Two years later, I was married and living in Boston where I joined the youth group of the Spartacist League, a Trotskyist offshoot of the Socialist Workers Party. Although I left the organization after a few years it would be decades before I felt any real passion to return to any form of political activism.
I was involved briefly with the effort to establish a US Labor Party in the late 1990’s after moving to Olympia in 1997. But that fizzled out. Then in 2000 I helped form the local Green Party (GP) to get behind the Nader campaign. I stayed in the Green Party for 8 years but left demoralized and without hope in 2008 after the state GP coordinating council voted to dissolve the party for a year. As the saying goes: “It’s not easy being Green.”
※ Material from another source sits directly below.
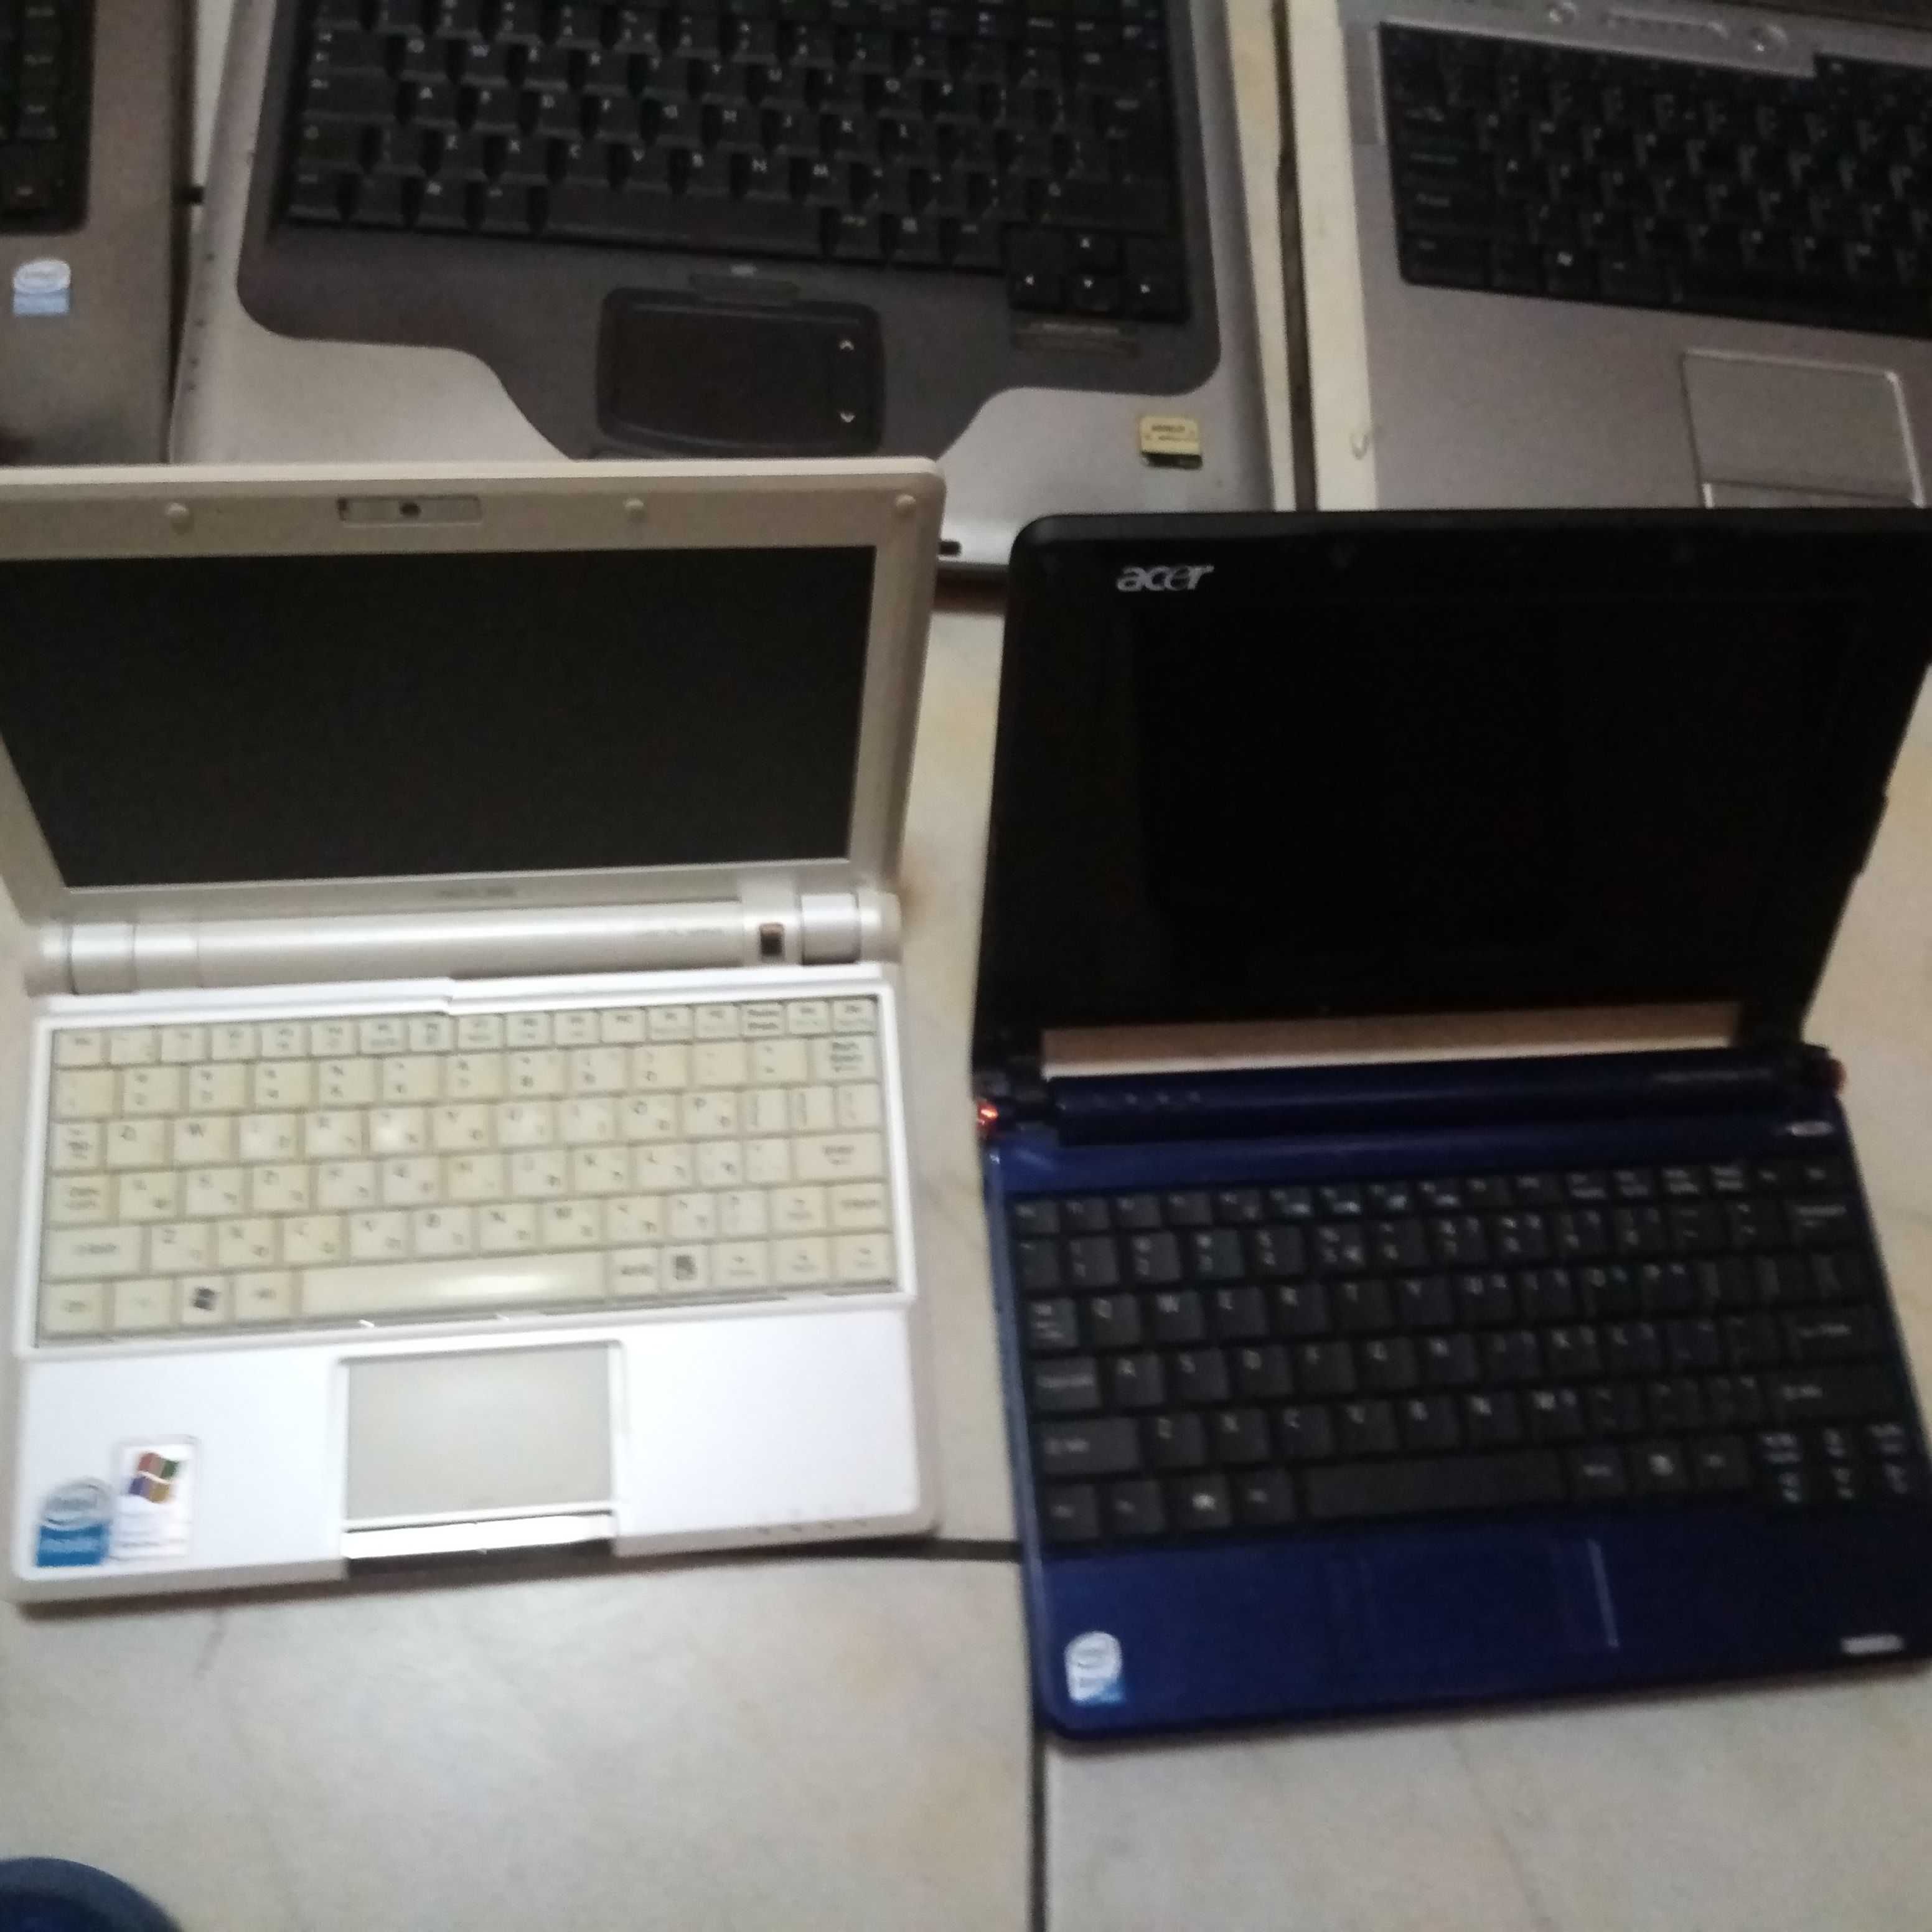 Laptopuri pentru piese -150Lei toate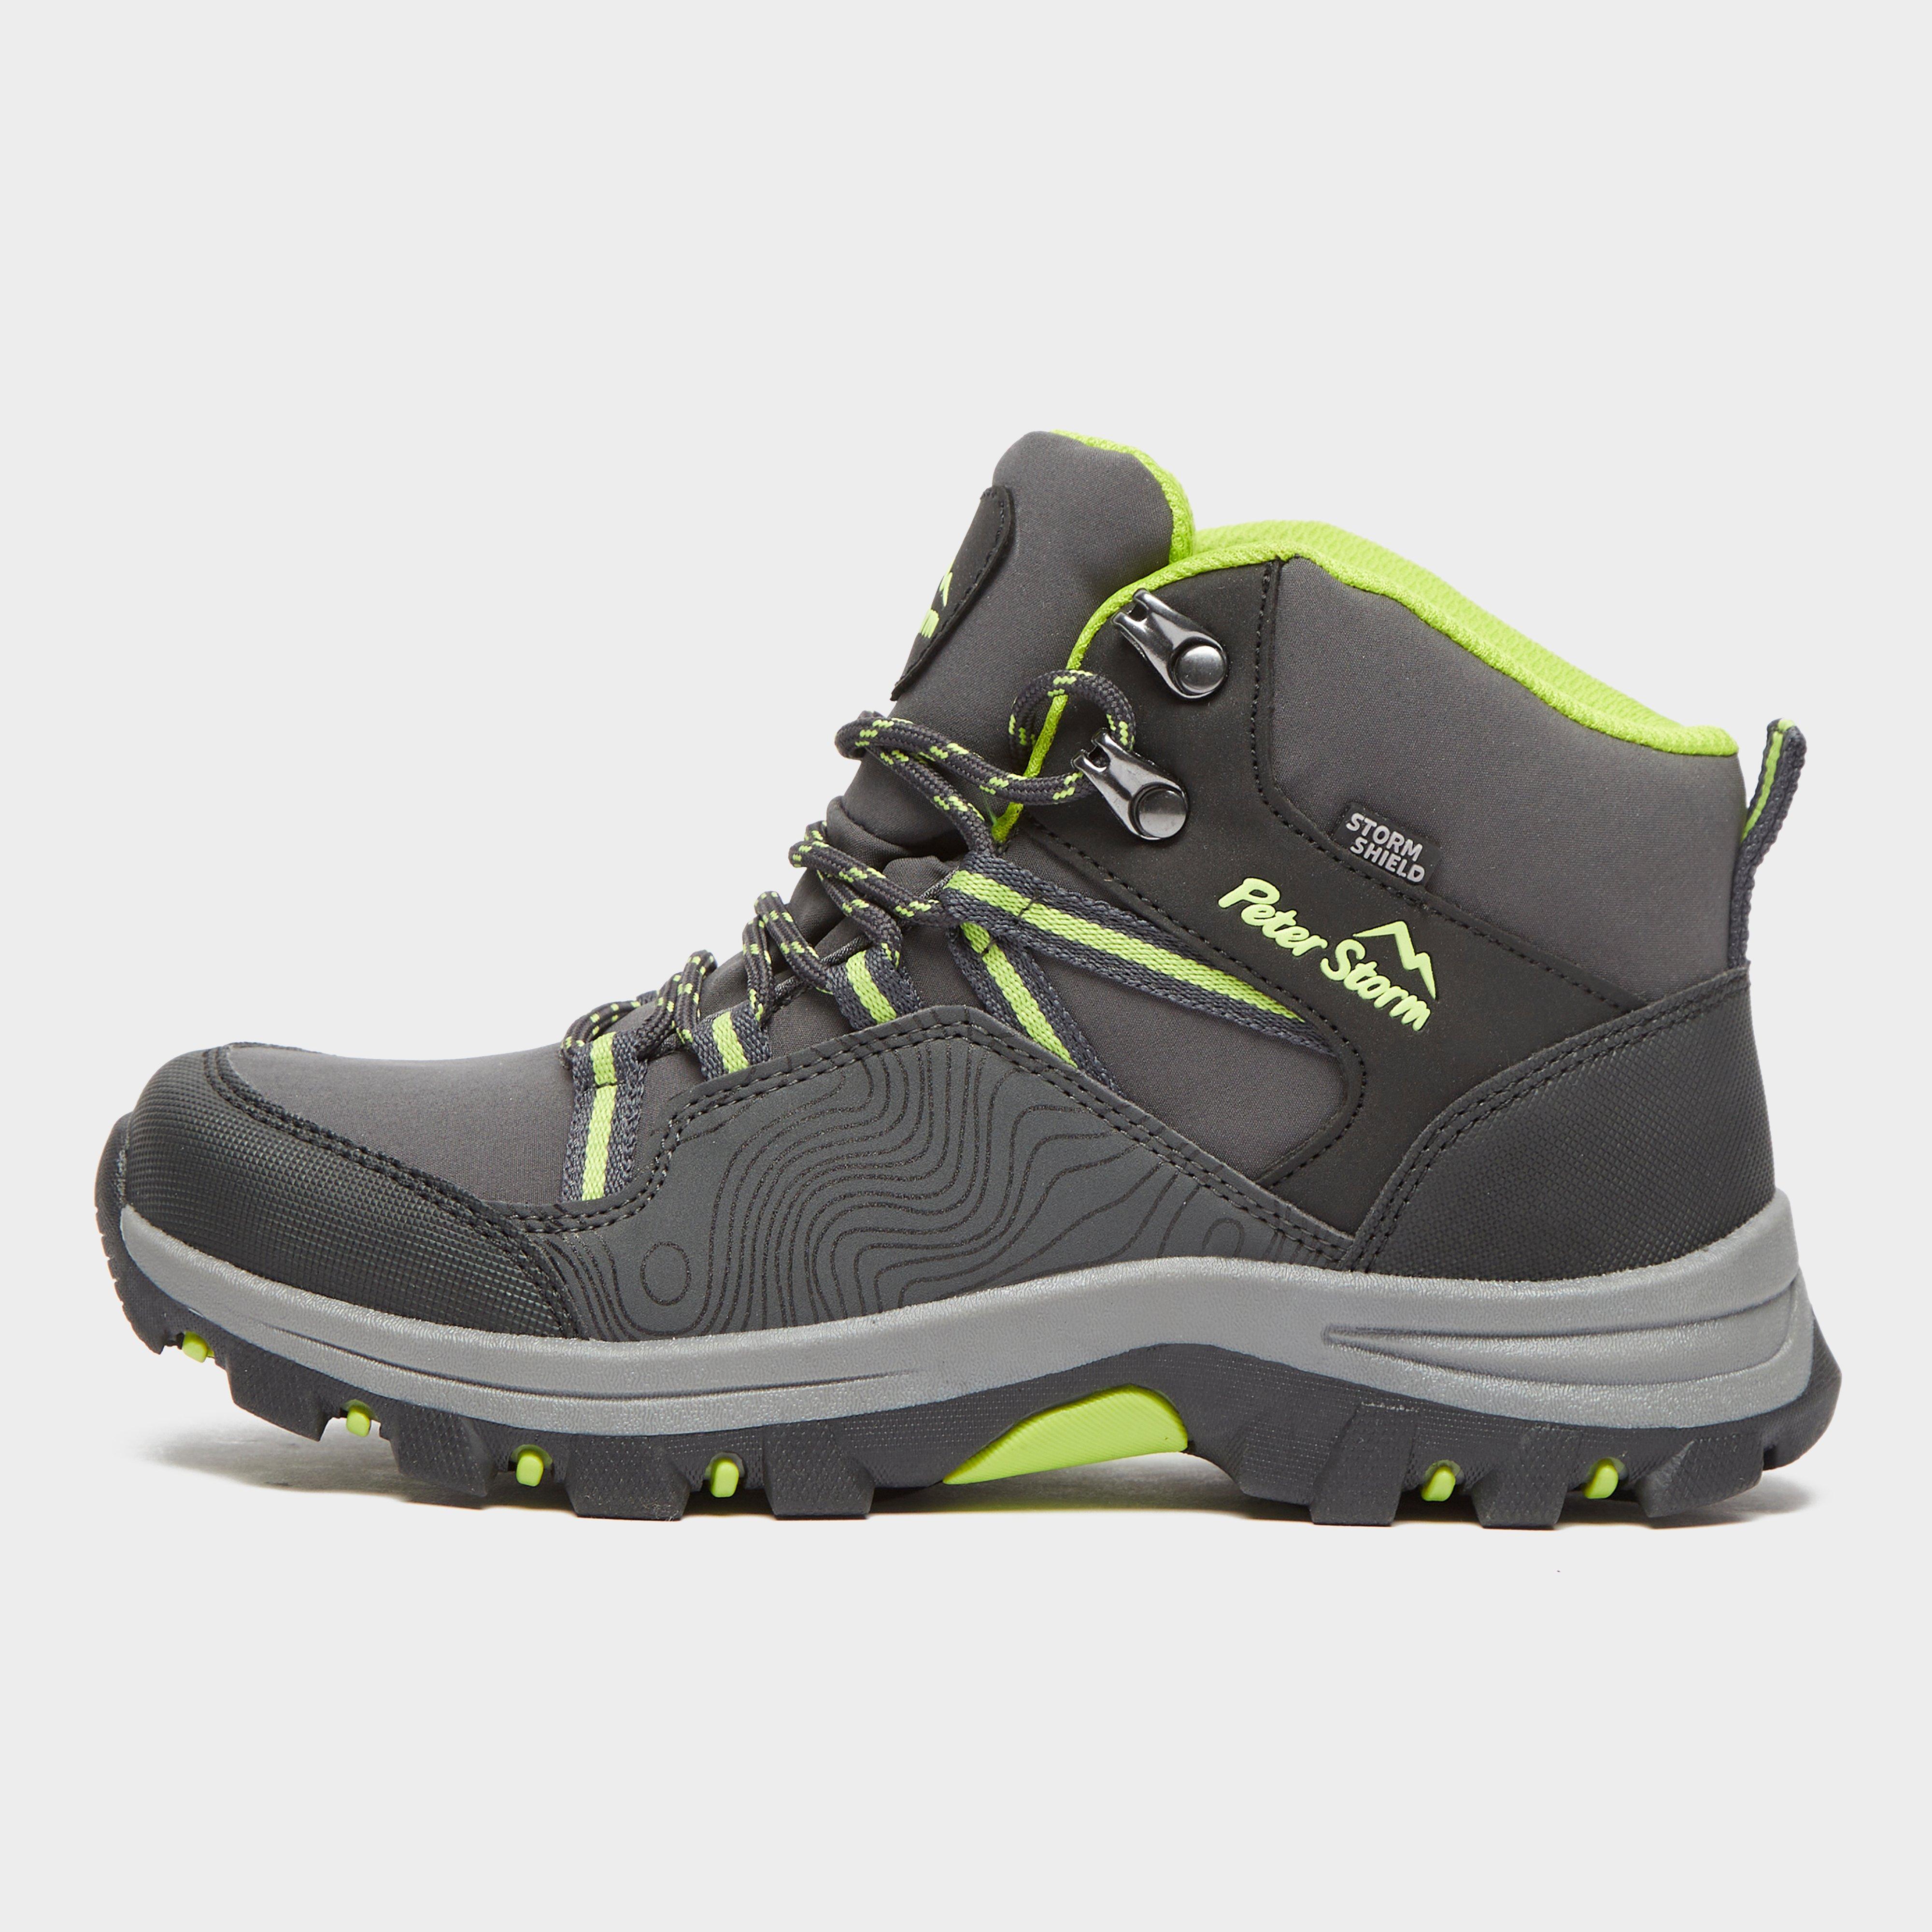 Peter Storm Kids Latitude Waterproof Walking Boots - Grey/green  Grey/green

Then came the Justice Party and the campaign of Rocky Anderson in 2012. That was another misguided and failed effort and left me rudderless politically.
So it was 2016 when I got the spark back so to speak and joined the local Bernie movement.
It was then that I was encouraged to join the ‘Blue Hole’, the local Democratic Party. I was apprehensive but joined, then became a Precinct Committee Officer (PCO) and attended all the main meetings thru the primary: the precinct caucus, the legislative disctrict caucus (LD), the county convention, the congressional district caucus (CD) and finally the state party convention in June.
I started working my precinct for Bernie and coordinated 9 other precincts near where I lived in Lacey. I was elected to be a Bernie delegate at the LD caucus at the county convention. Following the state party convention I went with my friend Jeff to Philly for the Democratic National Convention joining the protests and rallies on the outside in union with the Bernie delegates on the inside.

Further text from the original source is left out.